Data-Driven Bath Fitting for Hamiltonian-Diagonalization Dynamical Mean-Field Theory
Taeung Kim, Jeongmoo Lee, Ara Go
Abstract
We propose a machine-learning-based initialization method to overcome the nonlinear bath-fitting bottleneck in Hamiltonian-diagonalization-based dynamical mean-field theory (HD-DMFT). In HD-DMFT, the continuous hybridization function is approximated by a finite set of bath-site energies and hybridization amplitudes, determined by minimizing a highly non-convex multivariable cost function. As the number of bath sites increases, the optimization becomes more sensitive to the initial guess and more prone to suboptimal local minima, which can slow or destabilize the DMFT self-consistency loop.

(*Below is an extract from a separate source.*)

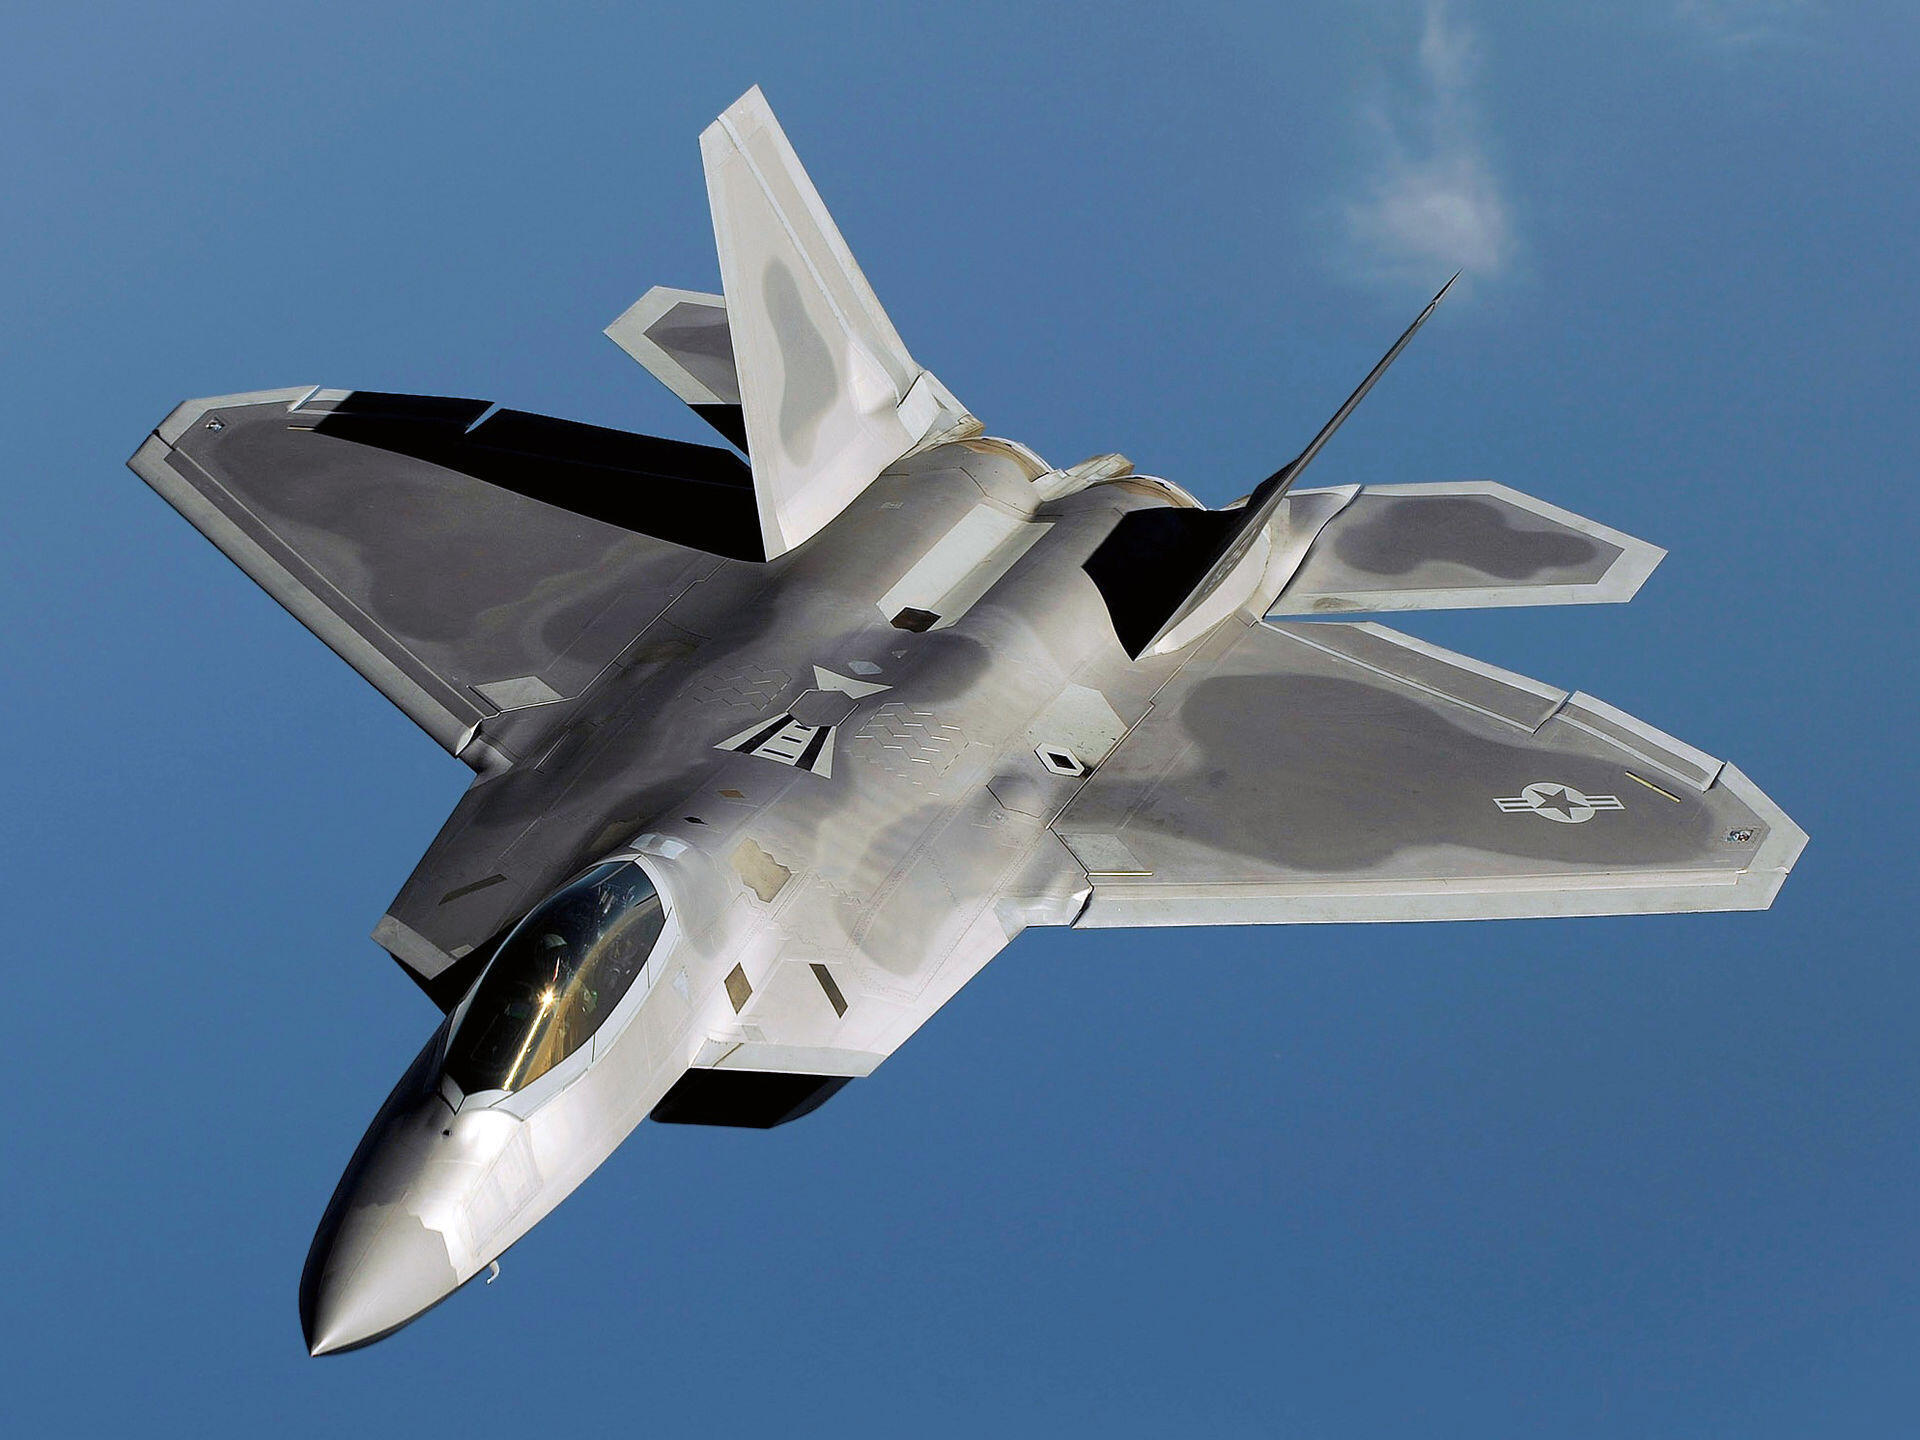 Chiến đấu cơ Lockheed Martin F-22 Raptor (ảnh wikipedia.org)

We reformulate bath fitting as a supervised regression problem and train a kernel ridge regression model to predict near-optimal discrete bath parameters directly from the target hybridization function on the Matsubara axis. To ensure physical relevance and data diversity, we construct the training dataset from tight-binding Hamiltonians of layered-perovskite-like ruthenate models across systematically deformed structures, instead of relying on naive random parameter sampling, and obtain high-quality labels through fully converged conventional bath fitting. Time-reversal symmetry is explicitly incorporated in both feature and target representations to reduce effective dimensionality and enforce physical consistency. Benchmarks in the non-interacting limit show that the learned initialization systematically reduces the initial fitting error, decreases the number of conjugate-gradient iterations, and improves robustness against local minima over a wide range of bath sizes. We further demonstrate transferability to interacting DMFT calculations for $\mathrm{Sr_{2}RuO_{4}}$ solved with an adaptive-truncation impurity solver, where the ML initialization yields consistently faster convergence than a symmetry-preserving heuristic baseline while preserving the final fitted solution.